##### Supplied information

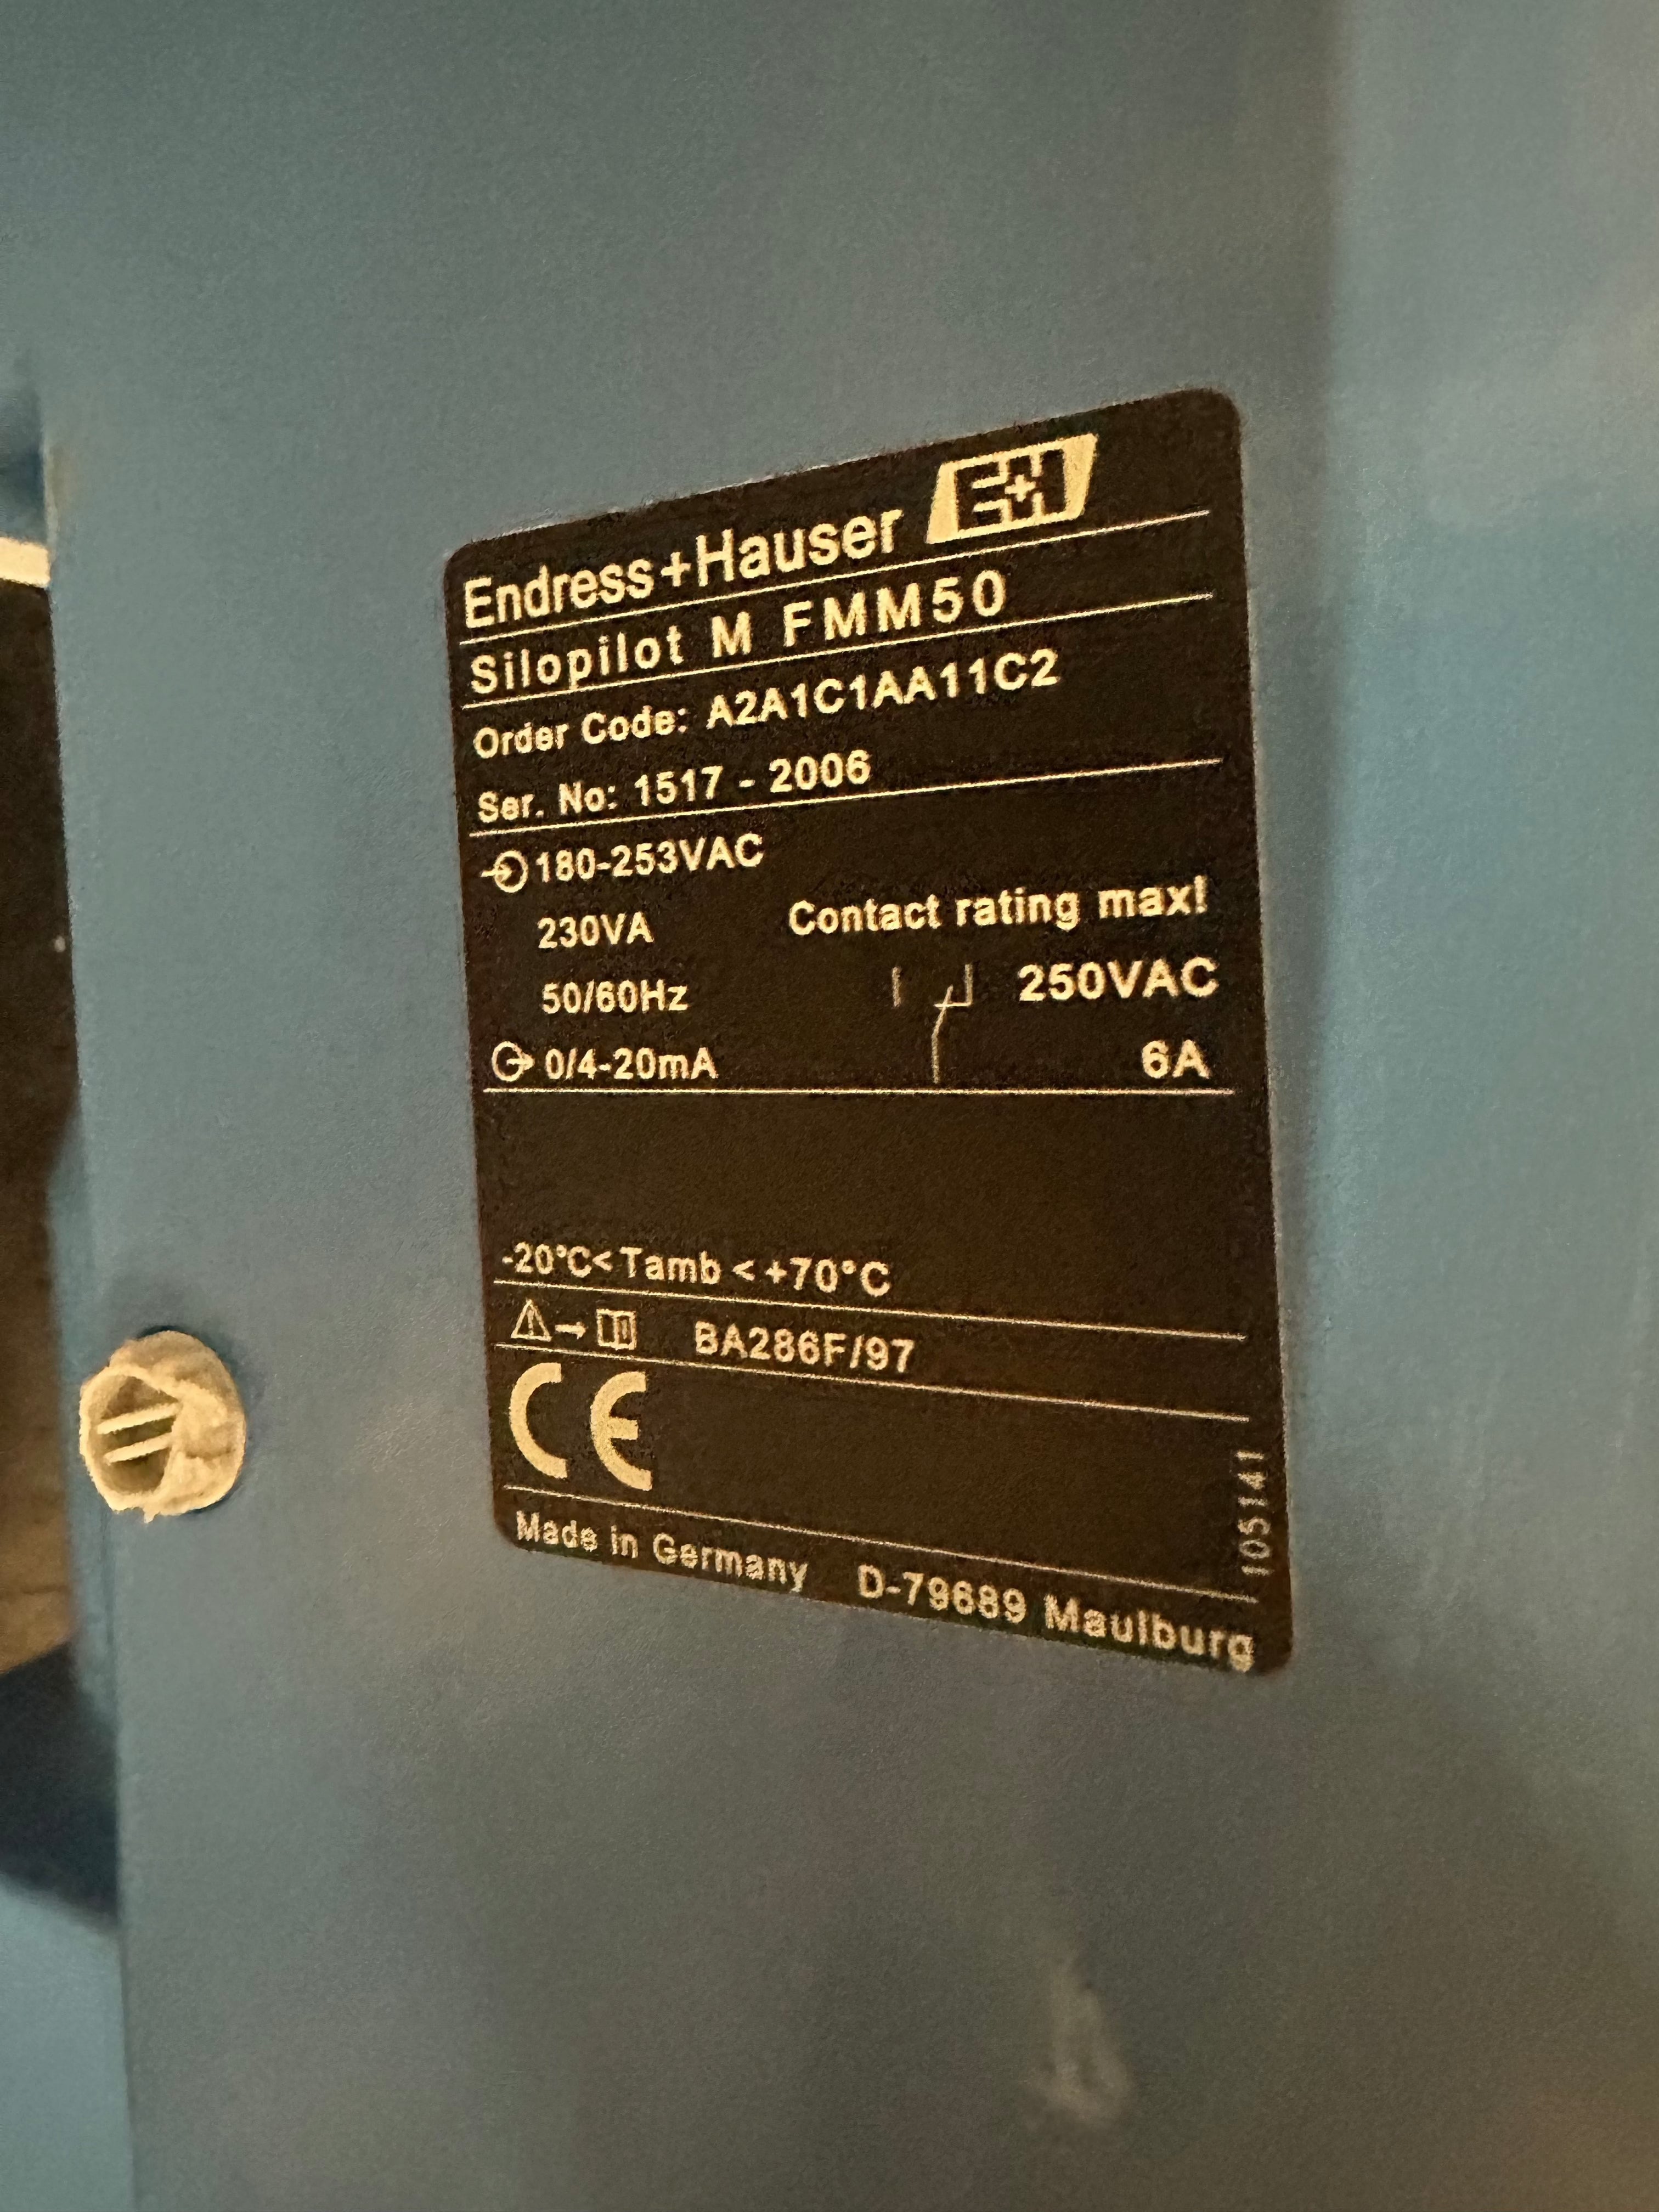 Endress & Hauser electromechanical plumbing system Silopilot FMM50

##########
##### Supplied information

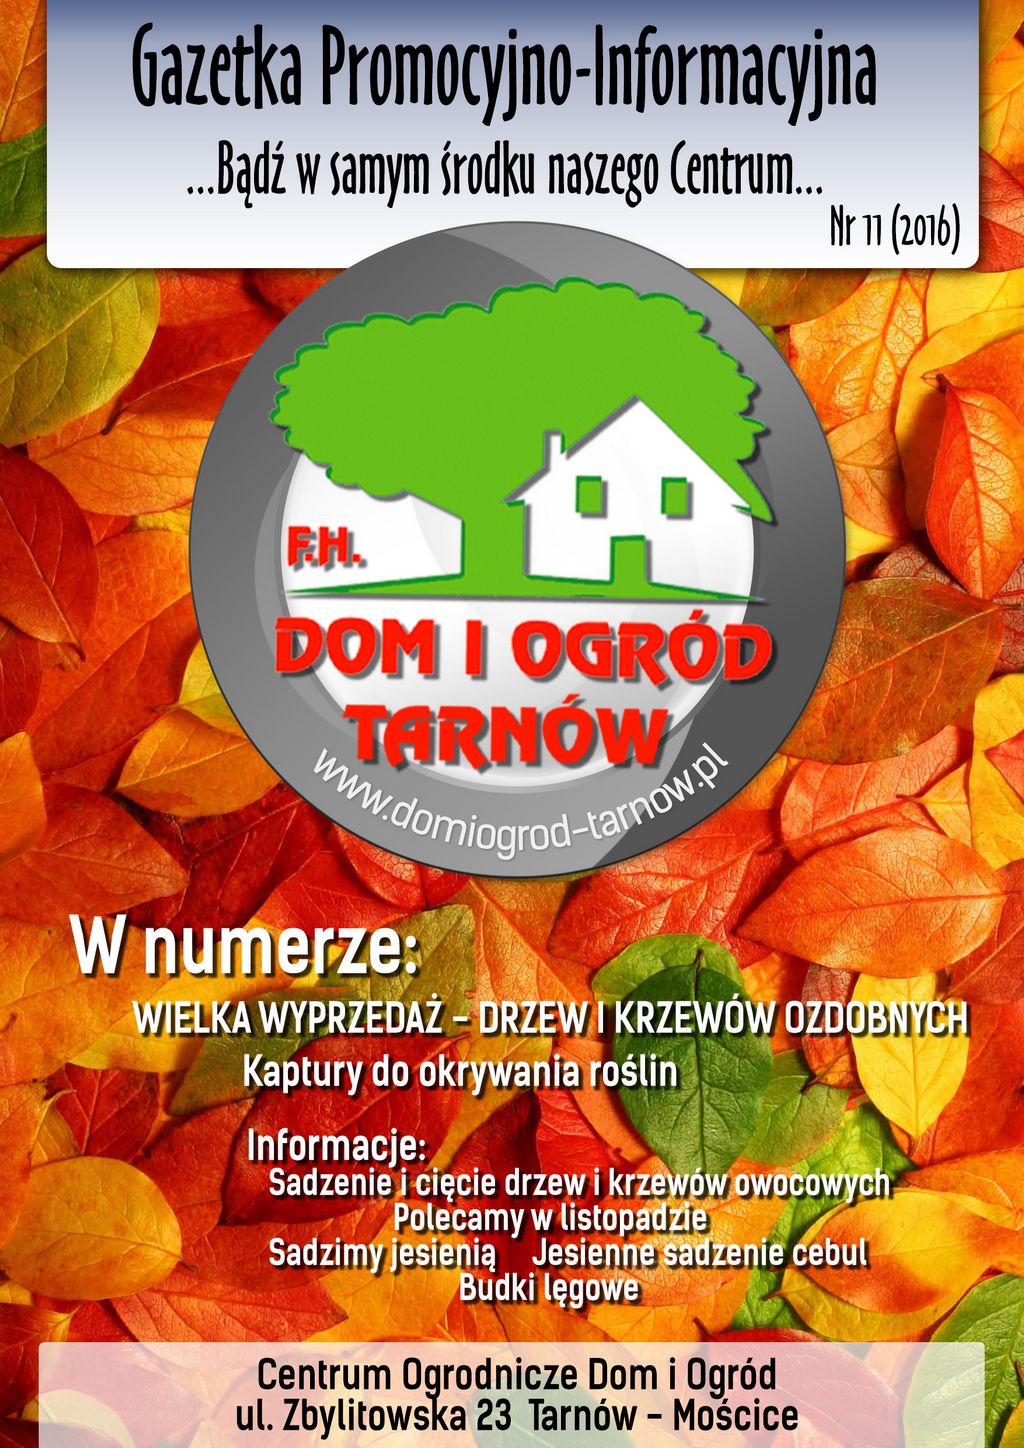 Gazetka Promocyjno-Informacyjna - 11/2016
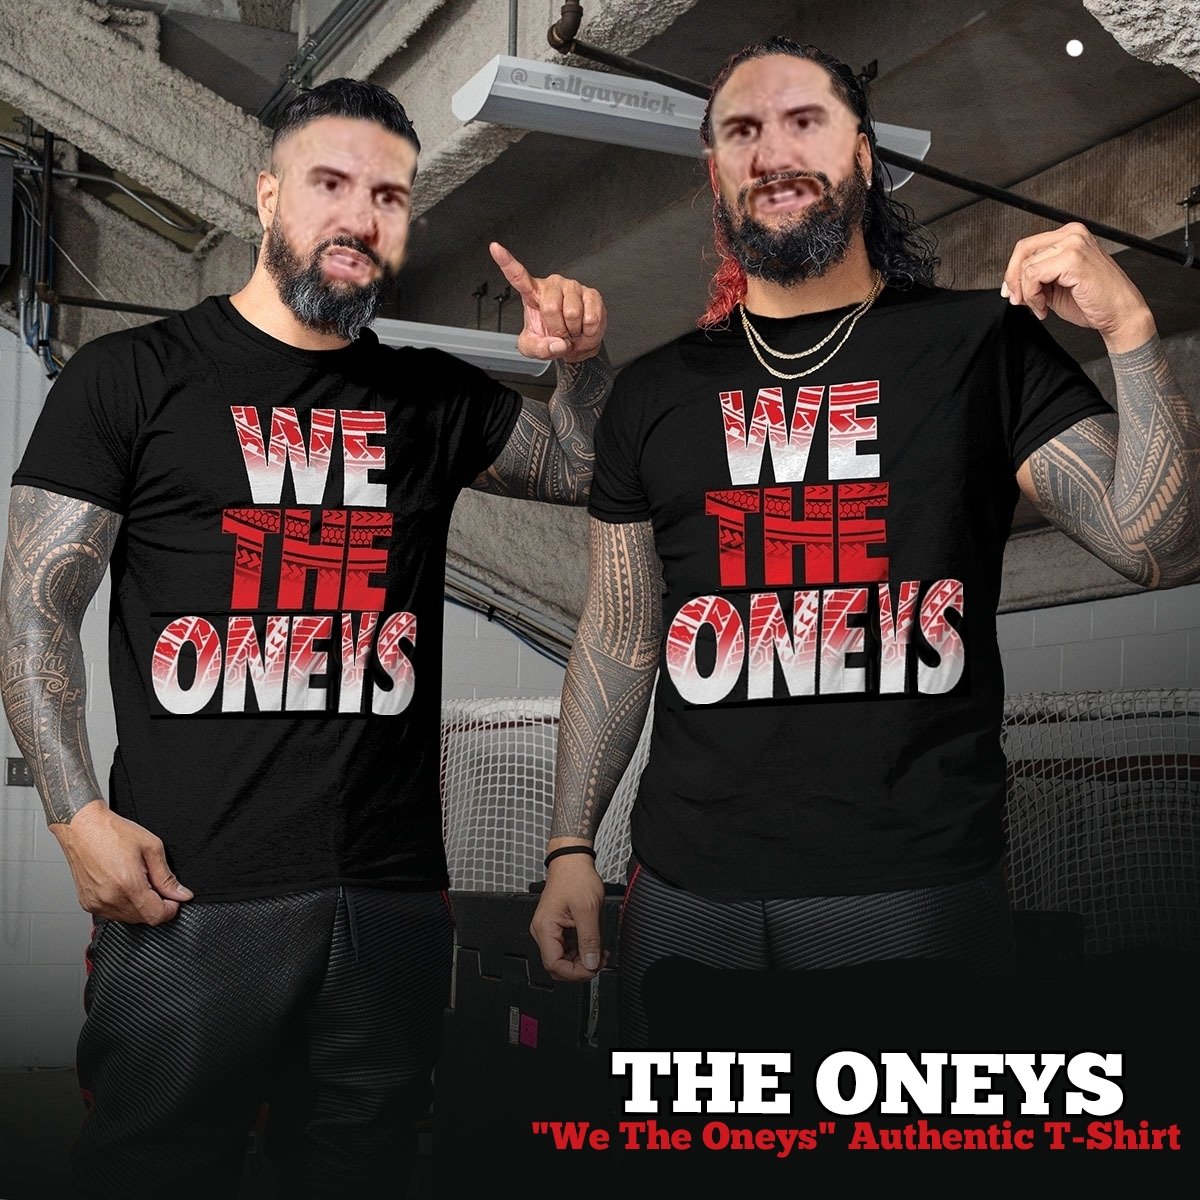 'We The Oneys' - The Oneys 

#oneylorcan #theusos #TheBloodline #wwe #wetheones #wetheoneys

##########

Exercise goal —
Starting at the line above with "- The Oneys", output every line exactly up to and including the line with "#oneylorcan #theusos #TheBloodline", but none of the pictures.

Exercise output —
 'We The Oneys' - The Oneys 

#oneylorcan #theusos #TheBloodline #wwe #wetheones #wetheoneys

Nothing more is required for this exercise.